ビスコ・イタリア中銀総裁は12日、ECBは金融緩和による刺激策の巻き戻しに際し、段階的かつ慎重に動くことが重要だと強調。インフレのリスクだけでなく、ユーロ圏各国の資金調達コストの乖離(かいり)によって生じるリスクに対処する用意もあるとした。

 ECBによる資産買い入れの縮小・終了をにらみ、ユーロ圏ではイタリアやギリシャなど周縁国の国債の対独国債スプレッド(利回り格差)がこのところ拡大している。そのあたりへの目配りをECBが忘れているわけではないと、ハト派のビスコ総裁が注意喚起した形である。

 米国においても、あわてて利上げを重ねることのリスクに言及する地区連銀総裁が、ここにきて何人か現れている。

パウエル議長の「立ち位置」に注目

 デイリー・サンフランシスコ連銀総裁は13日のテレビ出演で、3月のFOMCで利上げに動くものの、「その先については非常に注意深く見きわめることが望ましい」と発言。突然の積極的な行動は景気や物価を不安定化させるとした。

 このほか、バーキン・リッチモンド連銀総裁も、3月の利上げ幅を通常の0.25ポイントではなく0.5ポイントとするなどアグレッシブな利上げを支持する発言からは、明確に距離を置いた。

 そうした意見対立がFOMC内にある中、パウエルFRB議長が今後とる「立ち位置」が大いに注目される。

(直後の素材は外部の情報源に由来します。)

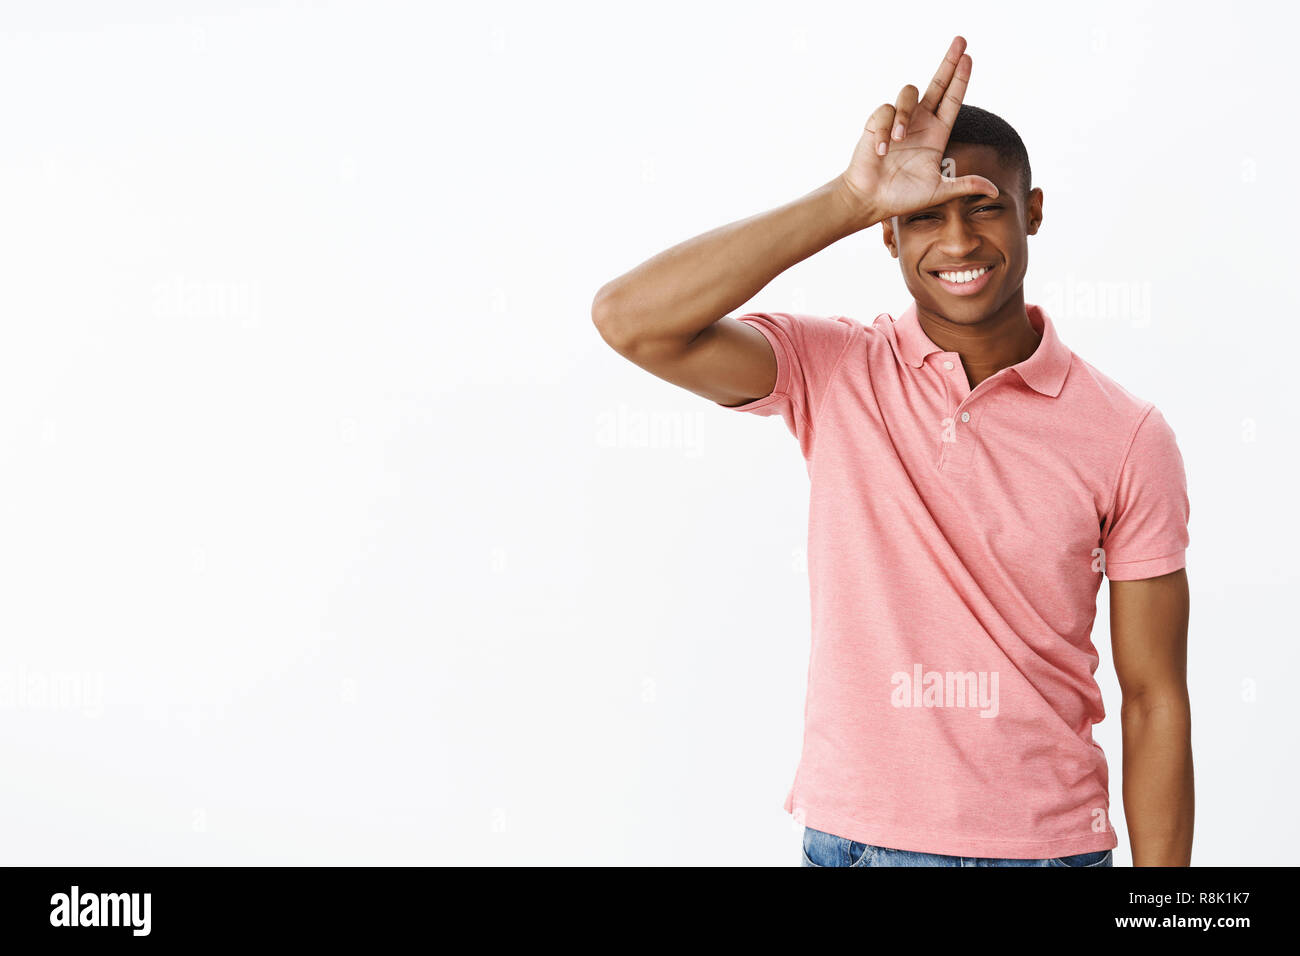 Verlierer zu Hause bleiben. Freundlich, fröhlich und selbstbewussten jungen afrikanischen amerikanischen männlichen Kursteilnehmer in Pink polo shirt, Buchstaben L auf der Stirn als spöttisch Freund letzten, posieren heiter über graue Wand Stockfoto

 2022年の金融市場を予想する際、最大のポイントになるのはやはり、FRBの金融政策である。FRBによる急ピッチの利上げ、さらにはQTの実施は、米国景気の腰折れやグローバル金融市場の不安定化に結び付くリスクが高い。

 FRBが実際に利上げを重ねていく場合、米国債のイールドカーブ(利回り曲線)は逆イールドになるだろう。そのことは「リセッション(景気後退)の予兆」と受け取られて米国株の一段の下落を惹起(じゃっき)し、グローバル市場を大きな混乱に陥れるだろう。筆者はそのように予想している。